И все-таки можно было очень даже просто забыть всю эту историю с Лисабет и ее доктором, если бы окружной врач не решил устроить вечер в их честь. Лисабет проболталась об этом пасторше, когда они вечером сидели и вязали носки для миссионеров. Пасторша принесла это известие в Союз прихожан, а оттуда, конечно, пошло дальше.

Вы слышали про Лисабет? Она идет в гости к важным господам в Викьо, ее пригласил Гулликсен, окружной врач.

Это было уже из ряда вон. За все время существования Дагфинсвика еще не случалось, чтобы рассказы о самой обычной девчонке так долго занимали тех, кто собирался в лавке Арвида в Холу поговорить о греховных делах, коими полон наш мир. А теперь ведь даже почти прекратились разговоры о Сигне, дочке Оскара, которая прижила ребеночка с заезжим торговым агентом, и об этой фрёкен Хёст, которая приехала в Дагфинсвик, видно, для того только, чтобы бесстыдно разгуливать в брюках, малевать какие-то картинки да курить сигареты.

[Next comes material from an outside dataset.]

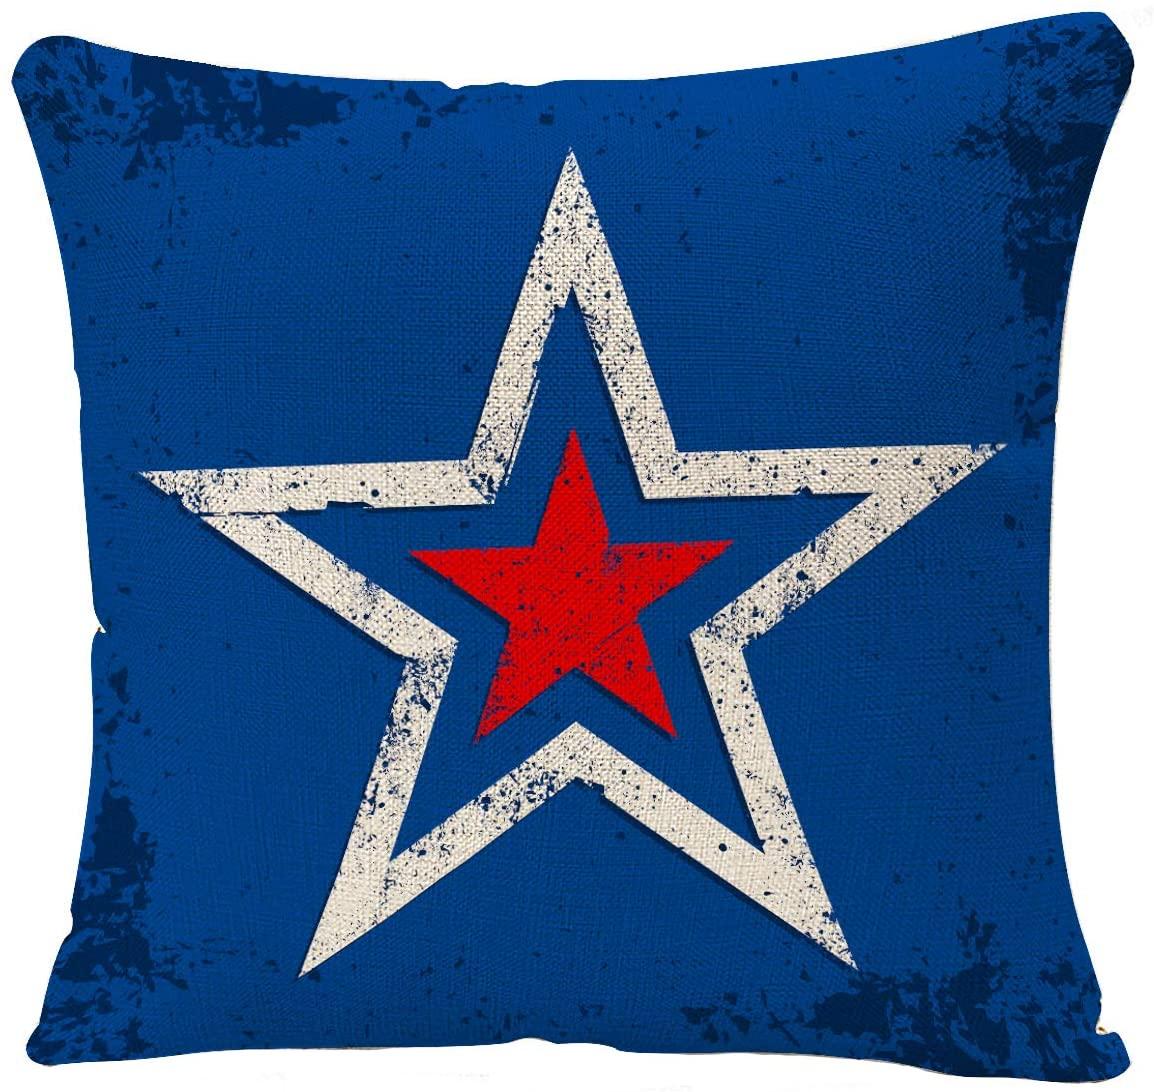 YGGQF Throw Pillow Cover Vintage America Home Decor Us Star Decorative Pillow Cushion Cover Kitchen Garden Sofa Bedroom Car Living Room Pillowcase 18 x 18 Inch

Подумать только: Лисабет, дочка крестьянина, у которого всего хозяйства-то — две коровы да несколько никудышных овец, — выходит замуж за доктора, ее приглашает в гости окружной врач, и она живет почти как дочь в доме у самого пастора.

Конечно, кое-кто боялся, как бы Лисабет не погубила свою душу, и молился, чтобы это чудо не побудило ее впасть в гордыню, чтобы она не забыла, что все мы — в руце божьей.

Но большинство ею даже гордились. «Вы слышали про Лисабет?» — спрашивали обычно тех, кто приезжал в Дагфинсвик из соседних деревень, где такой Лисабет не было.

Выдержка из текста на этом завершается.